> _What to work on_
Would you give the listing again exactly, without its images?
═════ Raw data
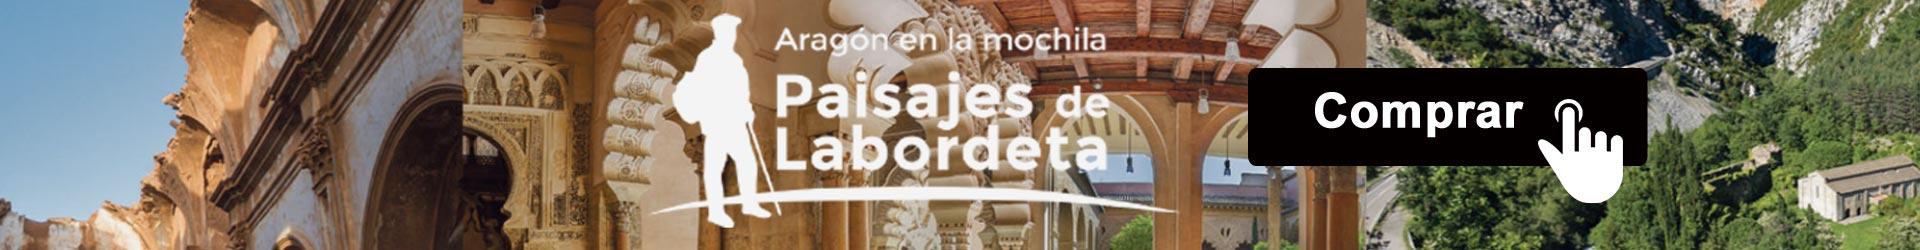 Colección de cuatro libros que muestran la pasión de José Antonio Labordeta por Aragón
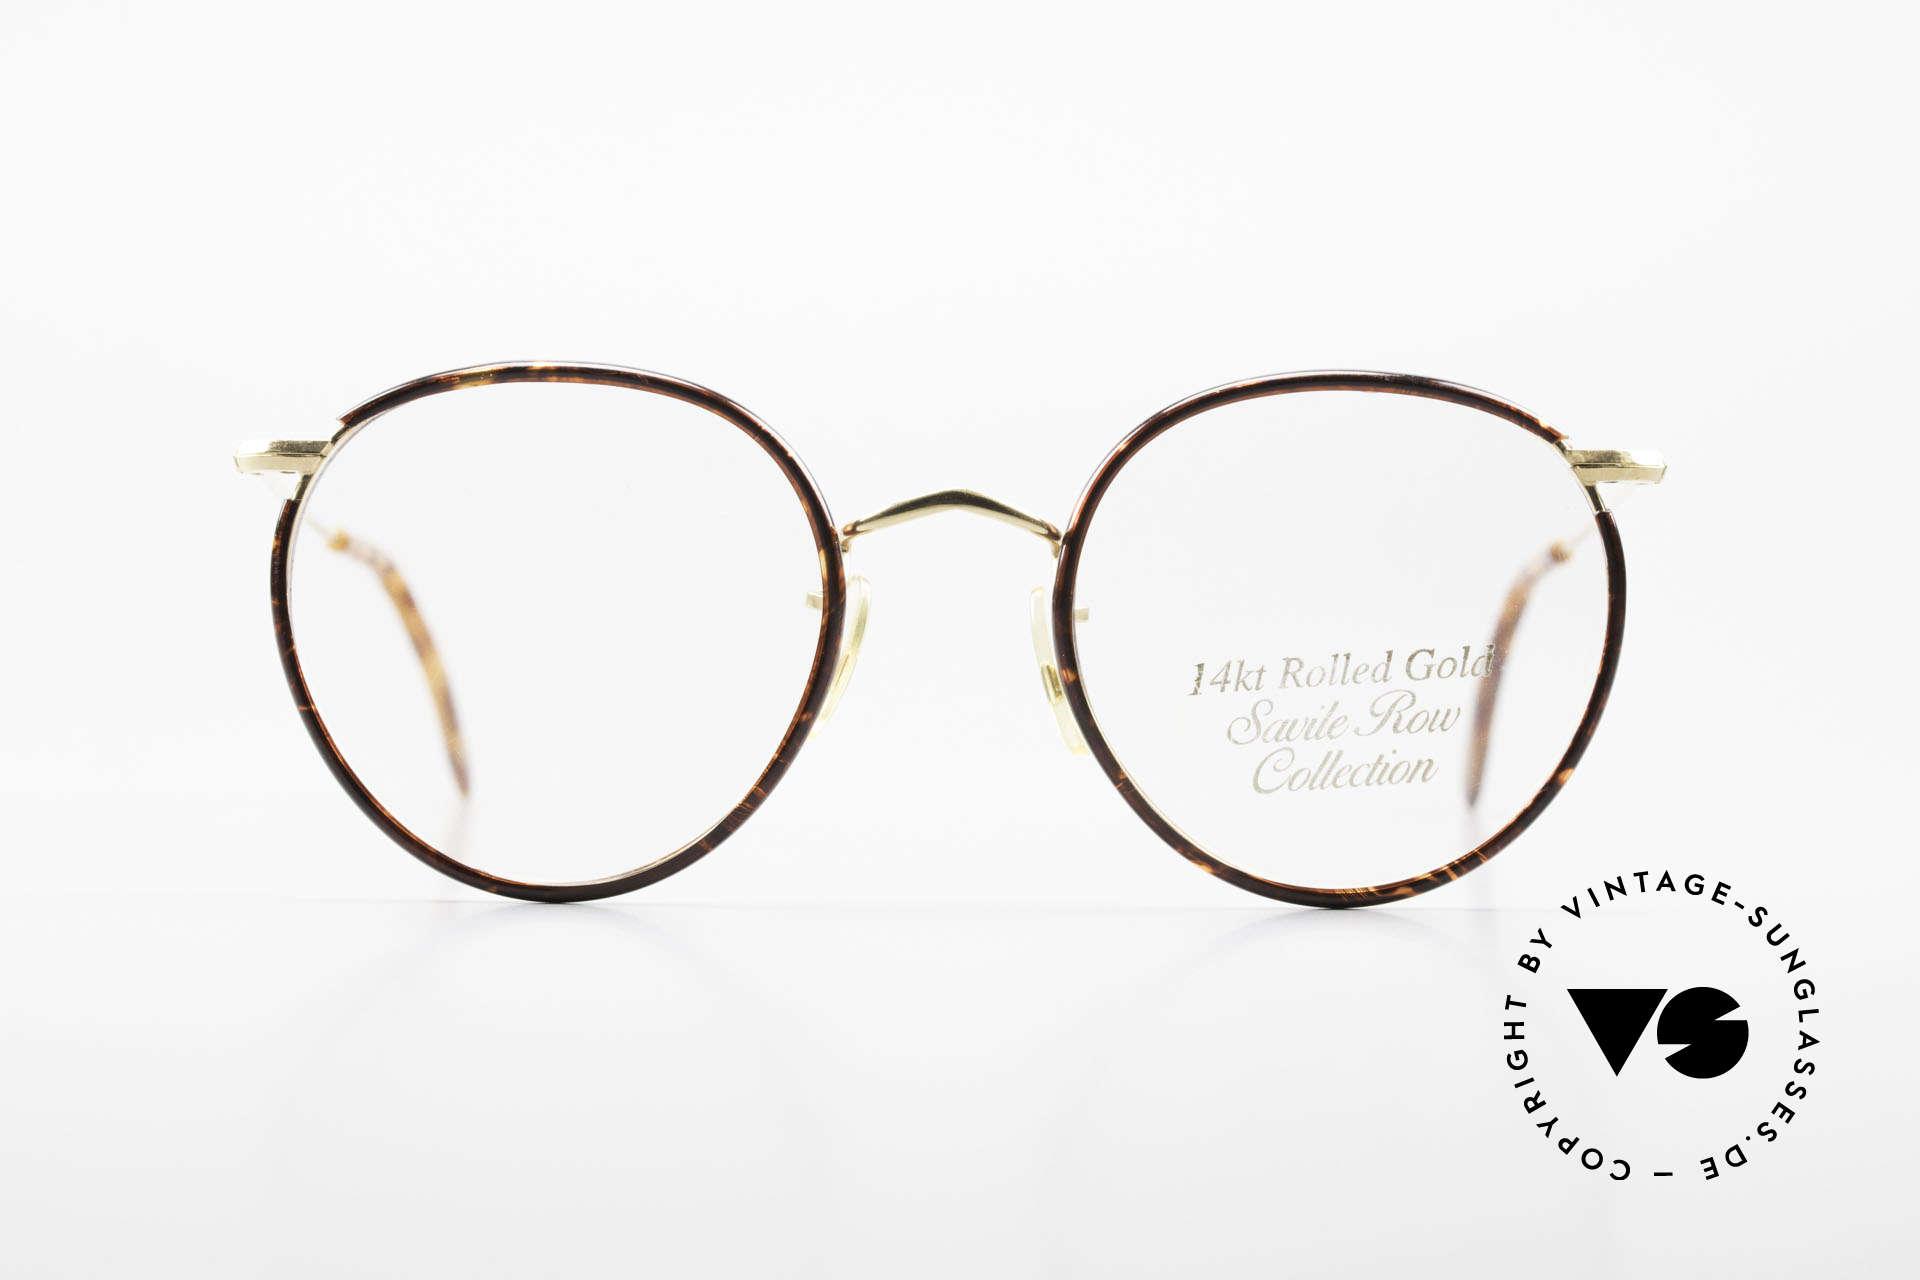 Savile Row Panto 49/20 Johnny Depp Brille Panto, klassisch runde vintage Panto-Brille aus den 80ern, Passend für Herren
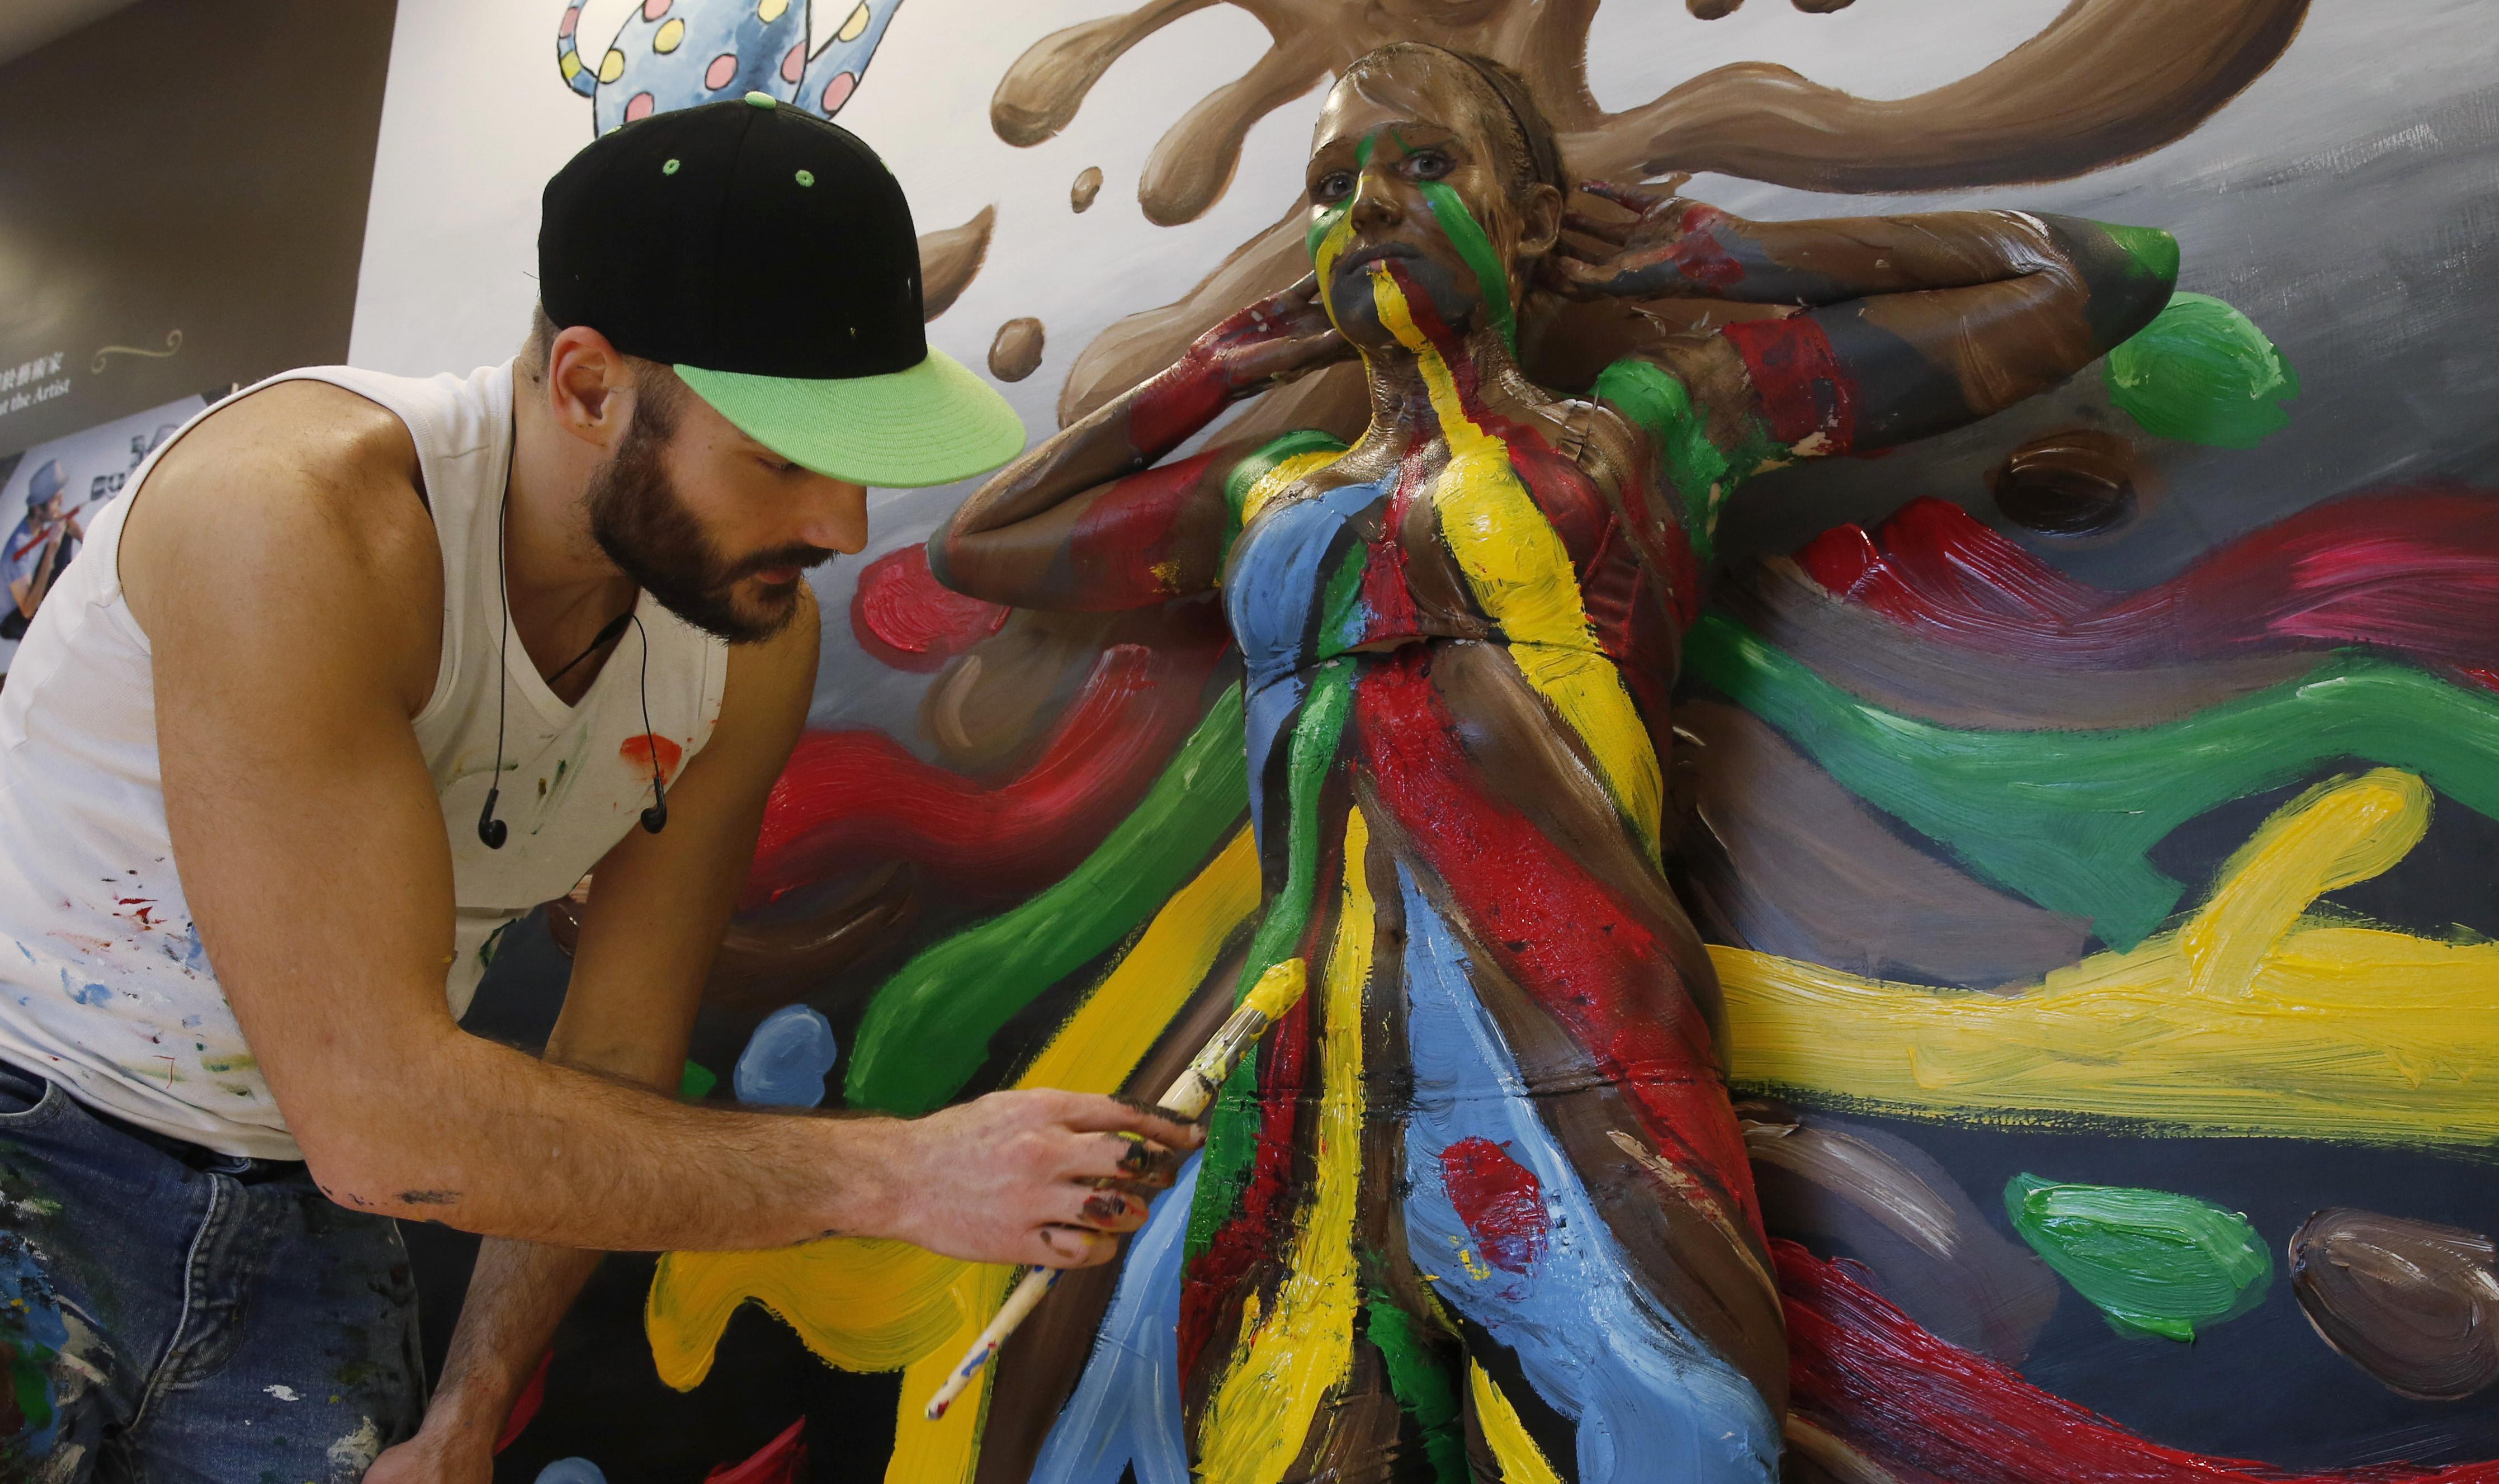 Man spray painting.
══════════
> _Result_
 Colección de cuatro libros que muestran la pasión de José Antonio Labordeta por Aragón
 Savile Row Panto 49/20 Johnny Depp Brille Panto, klassisch runde vintage Panto-Brille aus den 80ern, Passend für Herren
 Man spray painting.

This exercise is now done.